EARLY DE PALMA SCRIPTS PART OF DE NIRO COLLECTION
Austin's University of Texas' Harry Ransom Center recently opened to the public a treasure trove of film materials donated in 2006 by Robert De Niro. The materials cover De Niro's career from the 1960s to 2005, and includes several De Palma-related items that make a trip to Austin a necessity. One of the most startling discoveries among the collection (which I haven't yet seen) is a screenplay for Sisters, written by De Palma and Louisa Rose, with De Niro's notes included. The screenplay is circa 1970, the same year De Niro starred with Sisters' Jennifer Salt in De Palma's Hi, Mom!.
Speaking of the latter, the collection also boasts several scripts associated with that project, which began life as a screenplay by De Palma and Chuck Hirsch titled "Son Of Greetings." The De Niro collection contains the latter screenplay, also with the actor's notes, as well as an annotated typescript of the original story by De Palma and Hirsch. Also most likely related to that project is an original film treatment (circa 1970) by De Palma titled "Home Movie," which includes one single note written by De Niro. De Palma would go on to make a film titled Home Movies in 1979-80, but this treatment seems more likely something like the David Holzman's Diary-inspired section of Hi, Mom! that ended up transformed into the film we have today. But who knows-- perhaps when we visit the museum and look at the collection, we'll find something entirely different.
THE WEDDING PARTY & THE UNTOUCHABLES
Also in the collection is an undated shooting script for De Niro's first film, The Wedding Party, complete with De Niro's notes. There is also a June 1964 calendar marked out with scenes from the project. There is also an early and incomplete draft of David Mamet's screenplay for The Untouchables, again with De Niro's notes, as well as a version dated July 22 1986, and subsequent revisions from September and October. There are also several photographs of Al Capone with De Niro's notes, and two copies of Neil Elliott's My Years with Capone, one of which is annotated by De Niro. There are also Untouchables-related production materials, including make-up/hair continuity, wardrobe polaroids, publicity materials, a premiere invitation, and a copy of John Kobler's 1971 book Capone with Mamet's handwritten notes throughout the text.
Also included in the collection are production photographs from Hi, Mom!, and publicity flyers and photographs from Greetings. Oh, and a couple of other gems of interest: two correspondences from De Palma to De Niro, along with notes from Scorsese, Spielberg, Coppola, Frankenheimer, and several outgoing letters from De Niro. View the preliminary inventory list right here.
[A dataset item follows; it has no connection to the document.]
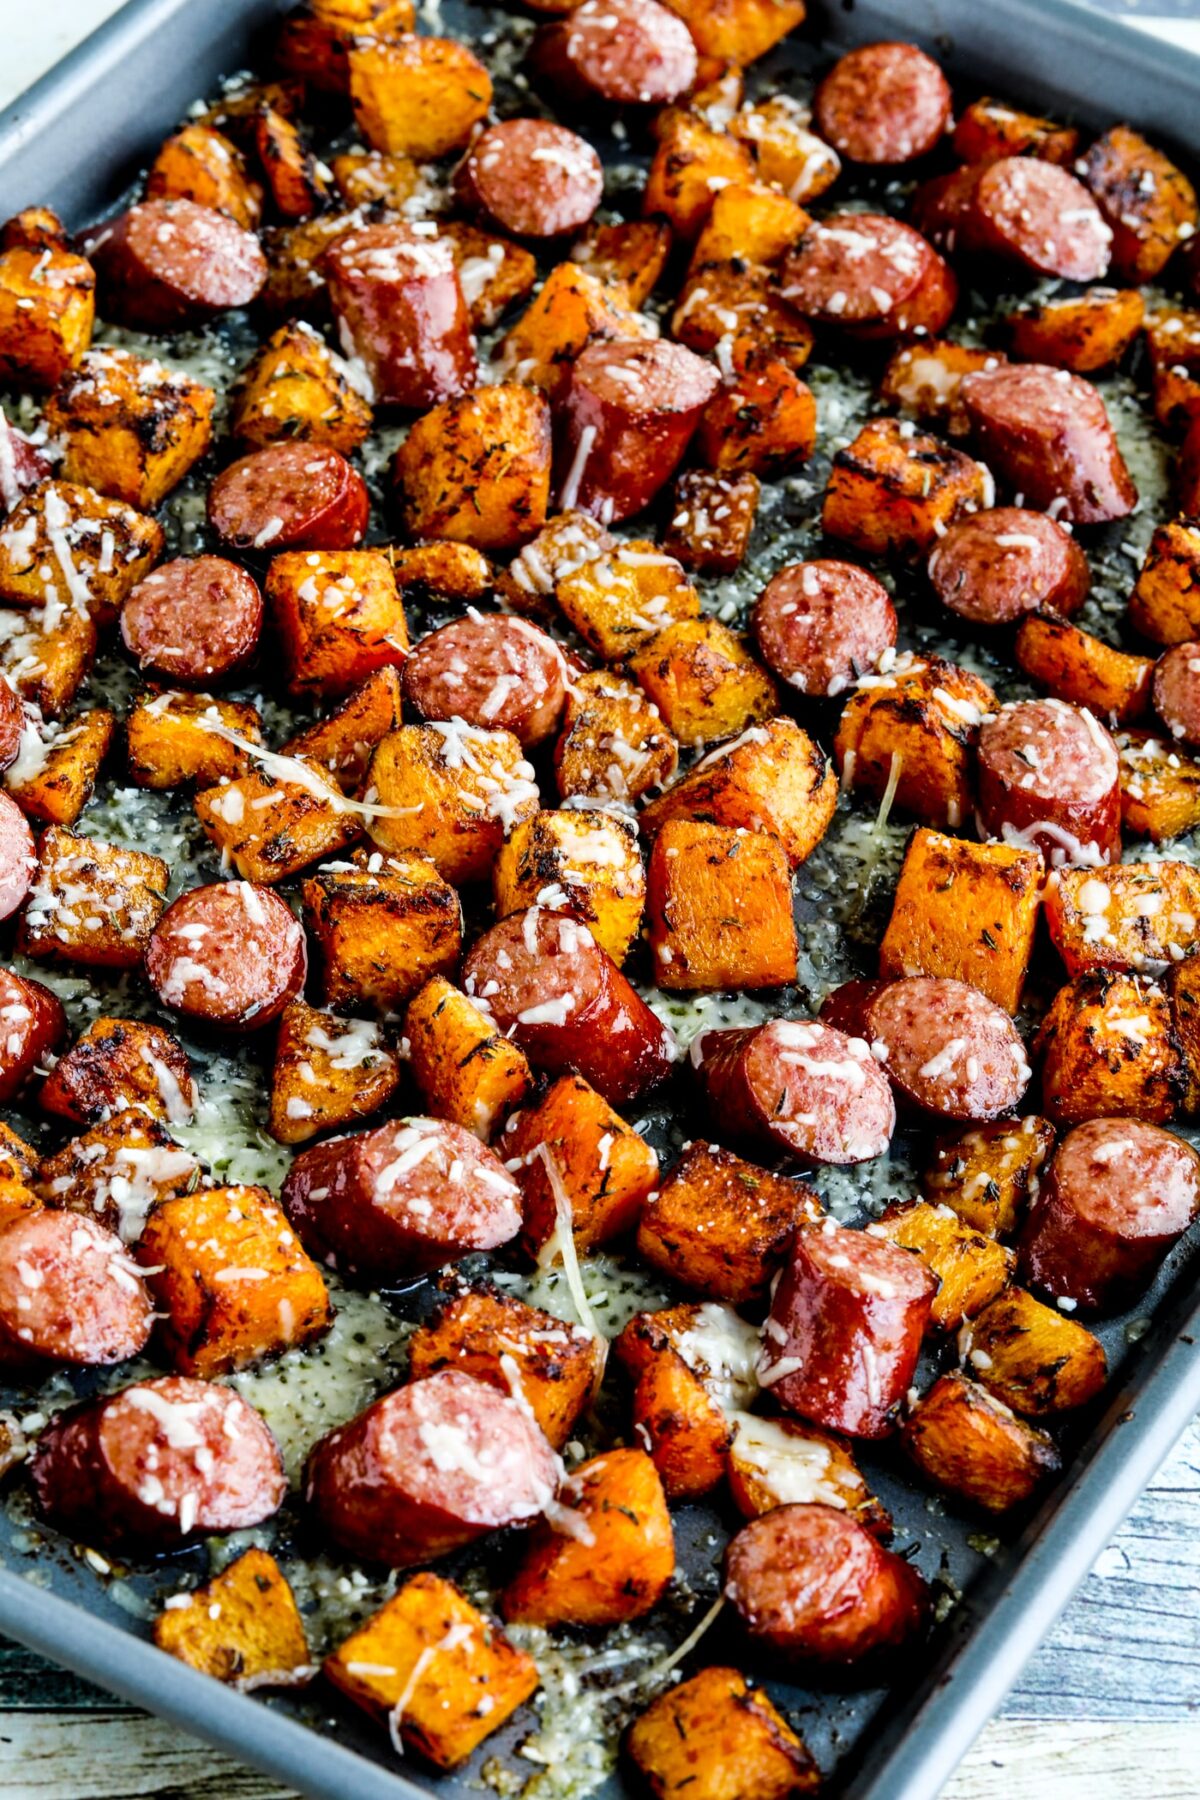 Close-up of Roasted Butternut Squash and Sausage Sheet Pan Meal shown on sheet pan

DE NIRO CHANNELS SPRINGSTEEN
And finally, the real reason I chose the above image from Taxi Driver: according to the Daily Express, Clarence Clemons, who coached De Niro on how to play saxophone for Scorsese's New York, New York, recently told the New York Daily News that De Niro got the famous "You talkin' to me" line in Scorsese's Taxi Driver from Bruce Springsteen. "[De Niro] had been to one of our concerts," said Clemons, "and the audience was yelling out 'Bruce!' In those days, Bruce would stop onstage and say, 'You talkin' to me?' De Niro was kind of channeling him."